* [TASK TO CARRY OUT]
A verbatim restatement of the data, free of pictures, is what you should output.

* [PROVIDED DATA]
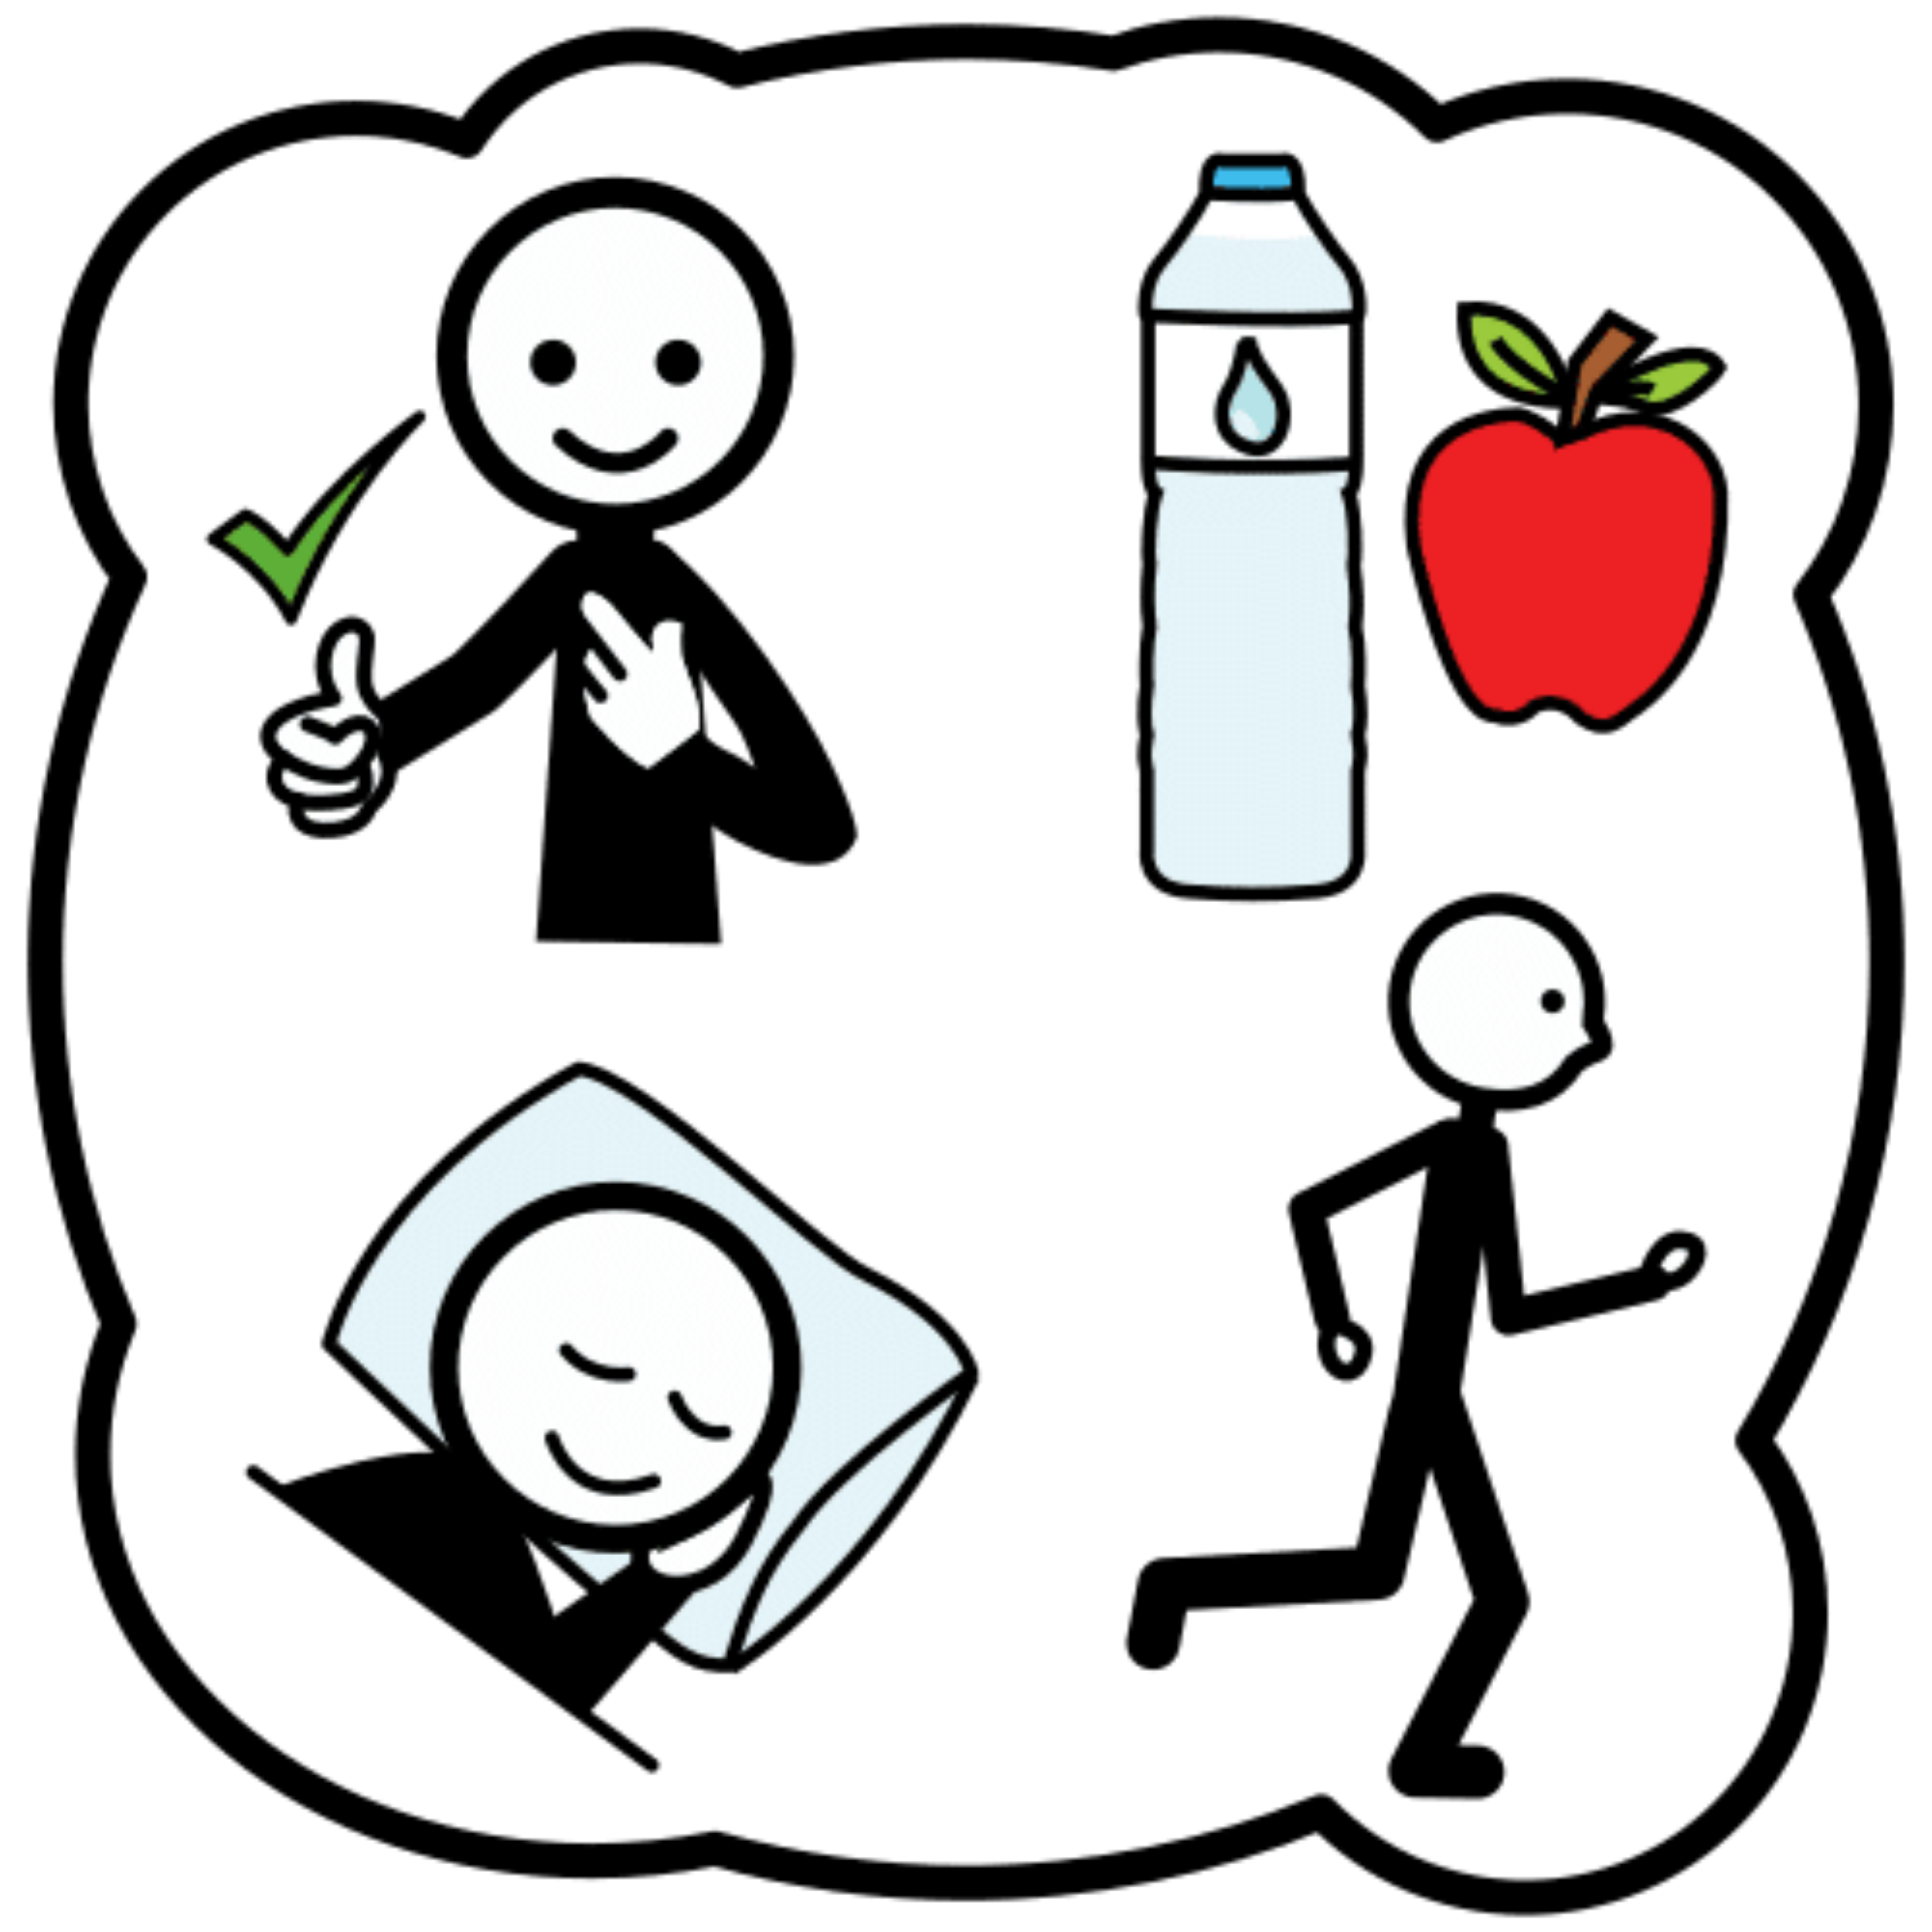 La imagen muestra a una persona durmiendo, corriendo, una botella de leche y una manzana
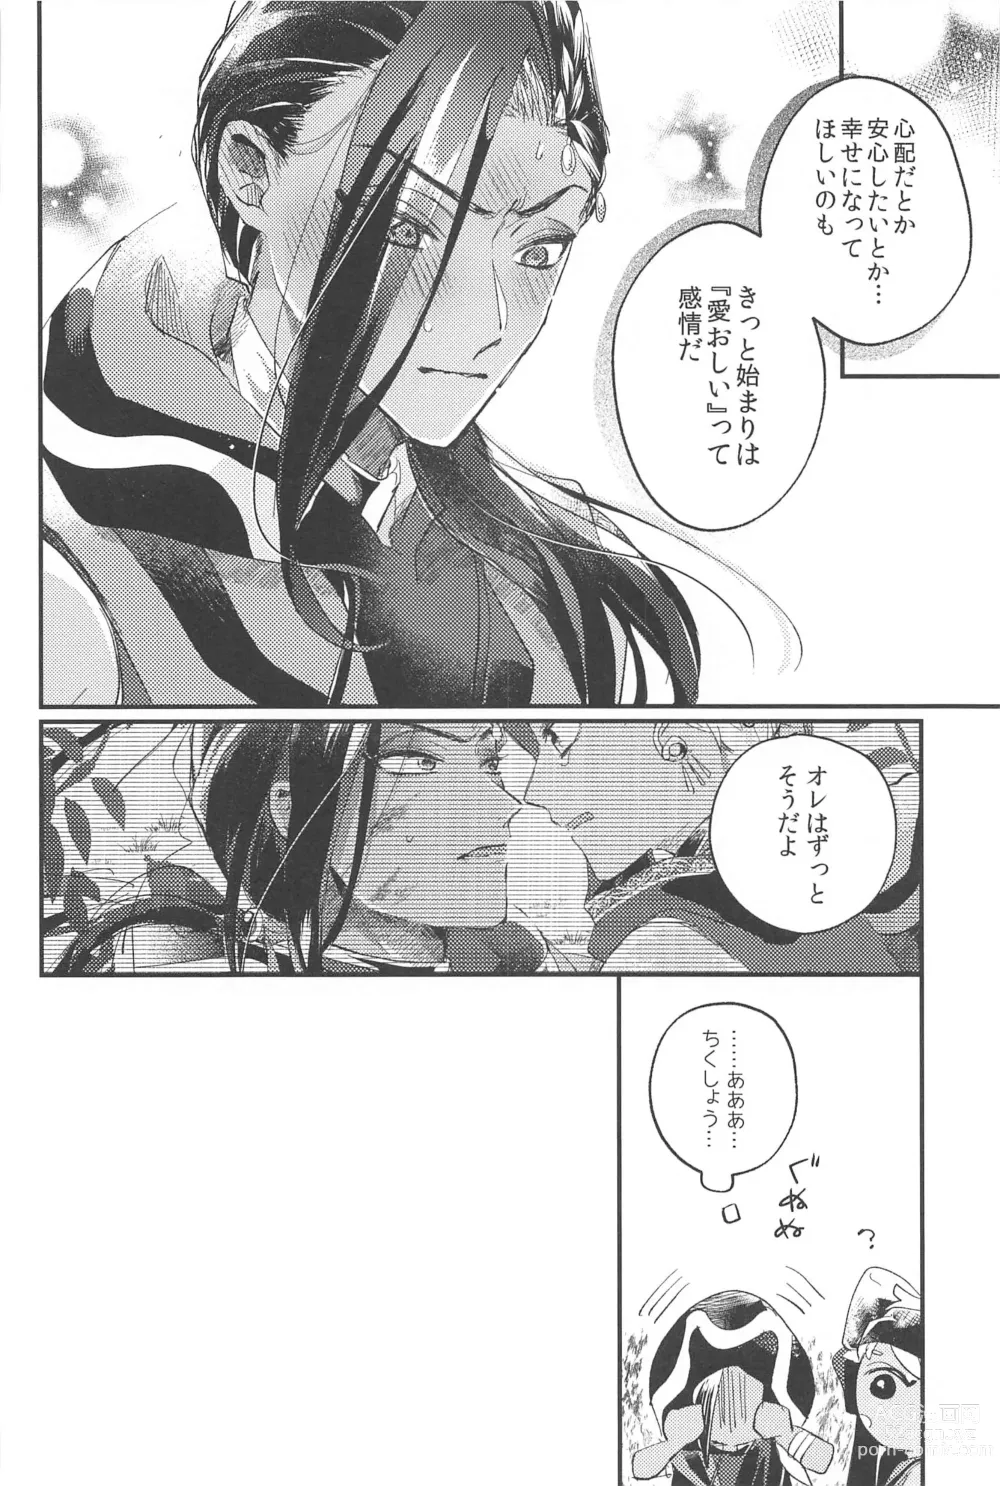 Page 48 of doujinshi Kantan dakara Muzukashii
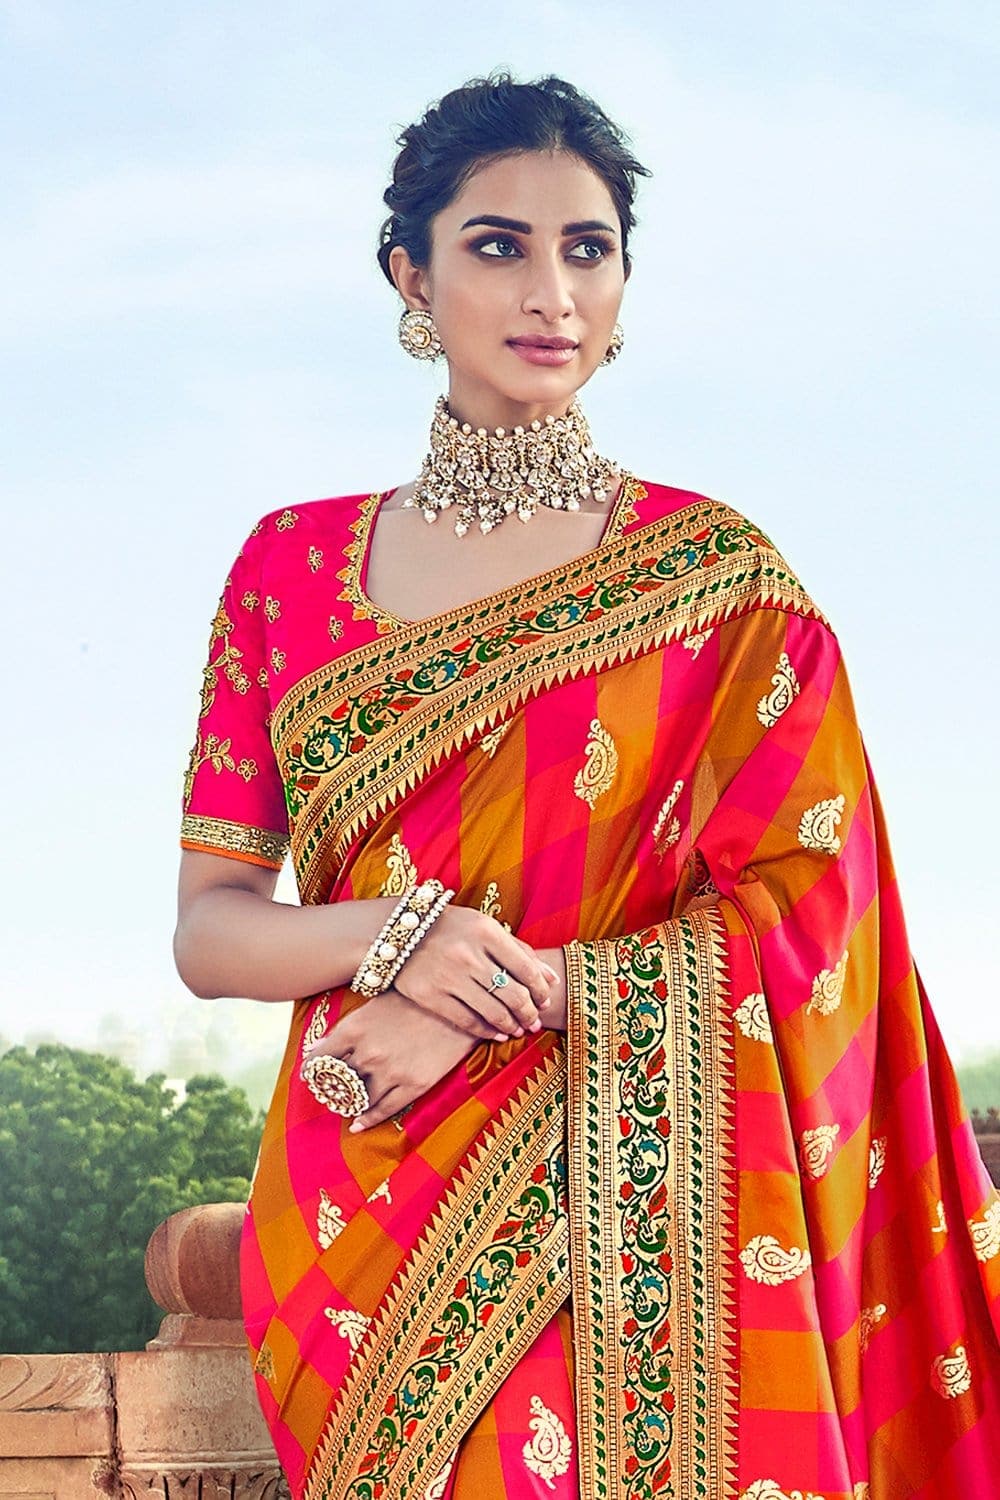 Buy Shades of yellow,pink banarasi saree online at best price - Karagiri

* [EXERCISE SOLUTION]
 La imagen muestra a una persona durmiendo, corriendo, una botella de leche y una manzana
 Page 48 of doujinshi Kantan dakara Muzukashii
 Buy Shades of yellow,pink banarasi saree online at best price - Karagiri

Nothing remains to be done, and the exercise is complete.